One helpful reflection technique is ‘Good, Better, How’. It starts with identifying what went well. For a swimmer, this might be noticing that they held their pace better than last meet or stayed composed under pressure. The next step is ‘Better’. This is where the athlete names something they want to improve, but in a factual, unemotional way. Perhaps the breakouts were inconsistent or the kick faded sooner than expected. The final step is ‘How’. This turns the reflection into action. The swimmer might note that they will work on breakout timing in practice.

A complementary mantra for reflection is “get the information, forgive yourself, play on.” The goal of reflection is not to collect emotional baggage. It is to collect information. The athlete looks at the performance honestly, gathers the data, and then releases any unnecessary self-judgment. Forgiving yourself does not mean lowering standards. It means refusing to carry frustration into the next competition. Playing on means returning to training with focus instead of regret. This is how resilience develops over time.

Supporting Athletes: How Parents and Coaches Can Reinforce Healthy Cueing

Athletes do not develop mental skills in isolation. Parents, coaches, trainers, and supportive adults play a large role in shaping the environment. Encouraging athletes to create their own cueing plans can make competition less unpredictable and more controllable. When coaches use the same cues consistently in practice and meets, it reinforces their effectiveness. A swimmer who hears “long” or “smooth” every day in training will find those cues more powerful in competition.

Support staff can also model calm and neutral language. Emotional reactions, especially right after a performance, can overwhelm an athlete’s own reflection process. The athlete needs space to apply their own reflection framework before receiving external feedback. When athletes and supporters speak a shared language of cues and reflection, the communication becomes more efficient and the athlete grows faster.

Integrating Mental Cueing Into Daily Training

Mental cueing should be practiced long before race day. Just as swimmers rehearse starts, turns, and pacing strategies, they should rehearse their thoughts. A simple start is to choose one pre-performance phrase, one in-performance cue, and one post-performance reflection routine. Then practice them during training when fatigue sets in or when frustration appears. These are the same conditions under which cueing will matter most.

Over time, athletes begin to trust their thoughts the way they trust their technique. They know what their mind will do under pressure because they trained it. Once cueing becomes a habit, performance becomes more consistent. The athlete is not leaving anything to chance. They have choreographed their thoughts for every phase of competition.

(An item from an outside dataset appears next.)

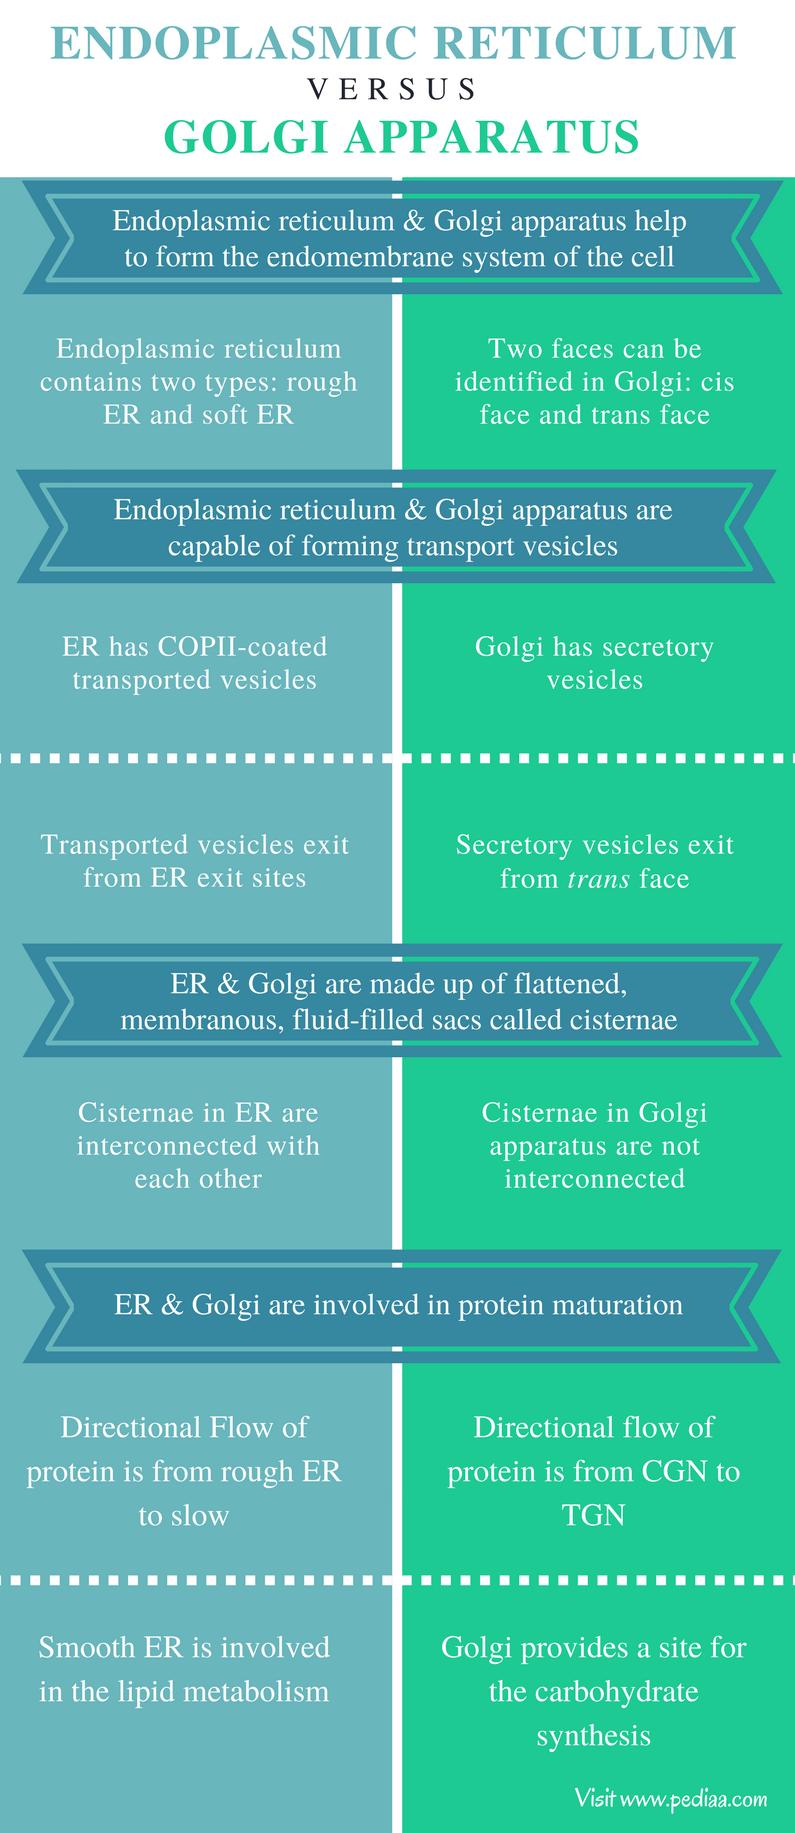 Relationship Between Endoplasmic Reticulum and Golgi Apparatus - Comparison Summary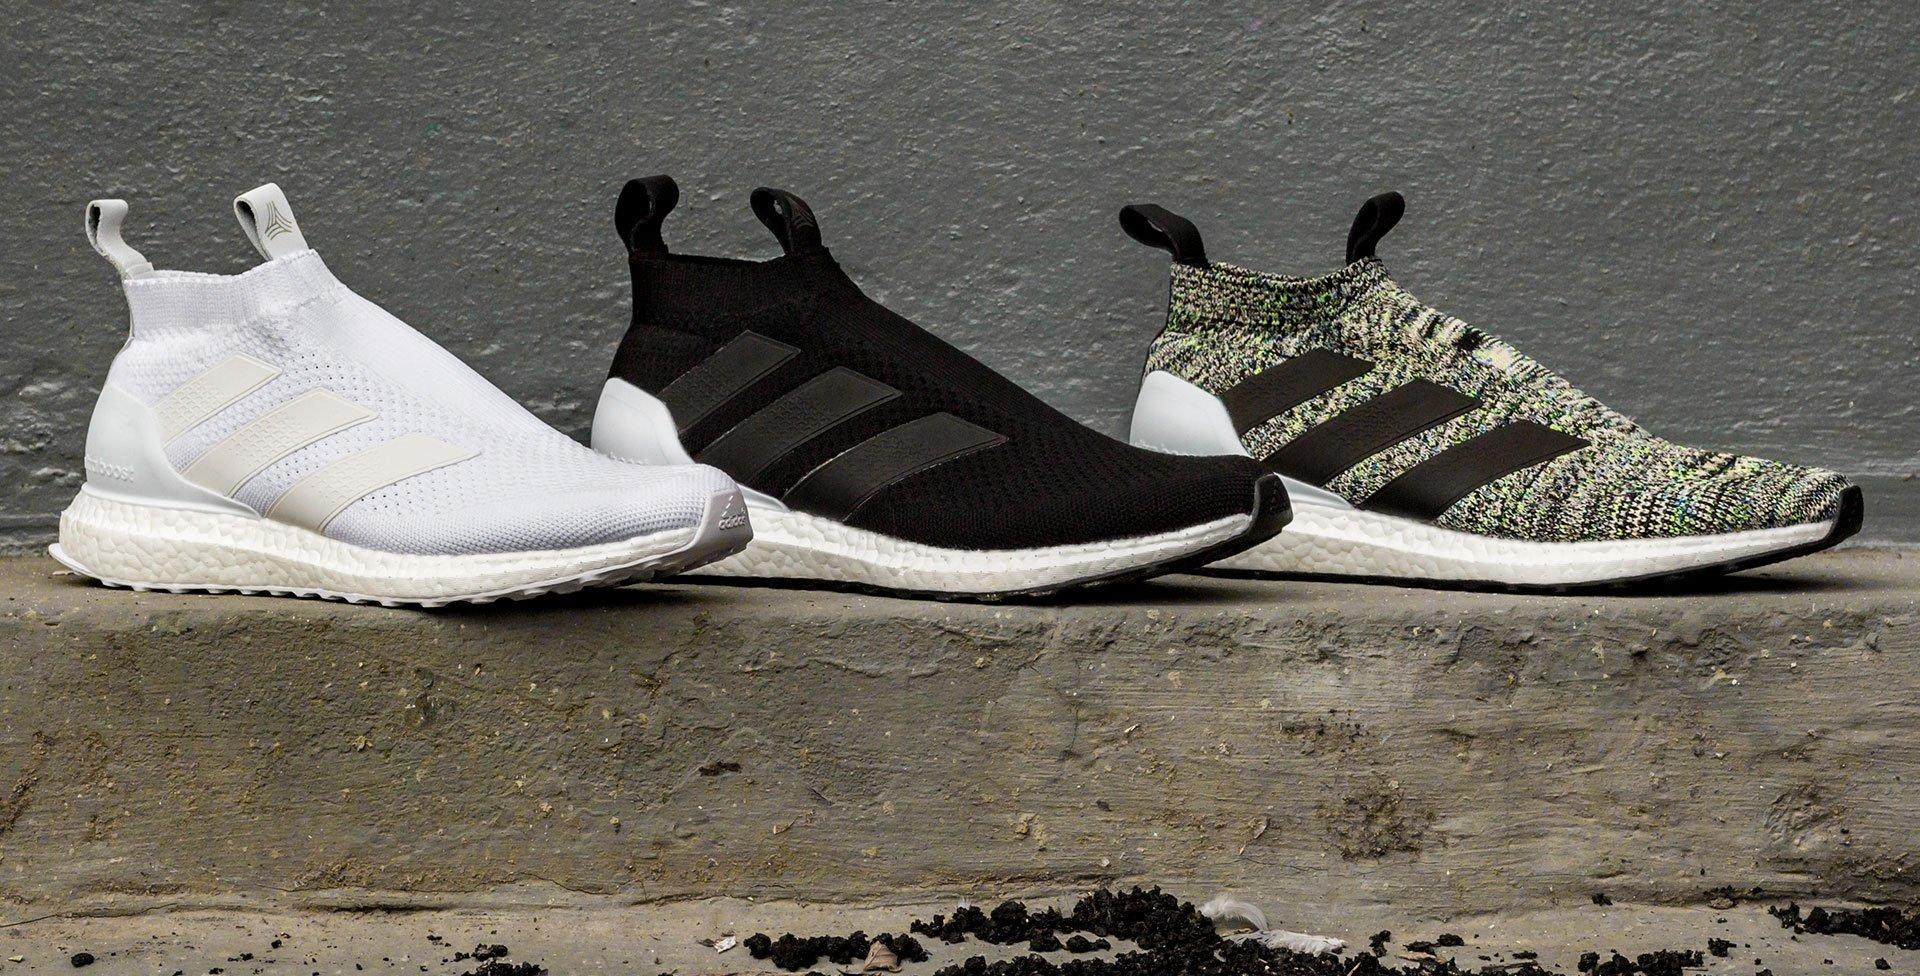 sports shoes fdca3 5bac0 Die drei neuen A16+ UltraBOOST Farbvarianten wurden veröffen

Use Mental Cueing for Consistency and Control

Mental cueing is one of the simplest and most powerful mental skills an athlete can develop. Before competition, it builds confidence and direction. During performance, it focuses attention and blocks unnecessary distractions. After performance, it guides reflection in a way that builds growth instead of doubt. Whether an athlete is standing behind the blocks, pushing through the middle of a race, or reviewing the results afterward, cueing provides stability and structure.

Athletes perform best when their minds are rehearsed, not reactive. By choreographing thoughts before, during, and after performance, they create the mental consistency that high-level success demands. Swimming illustrates this process clearly, but the principles reach far beyond the pool. Every athlete, in every sport, benefits from choosing their thoughts with the same intention they use to train their physical skills.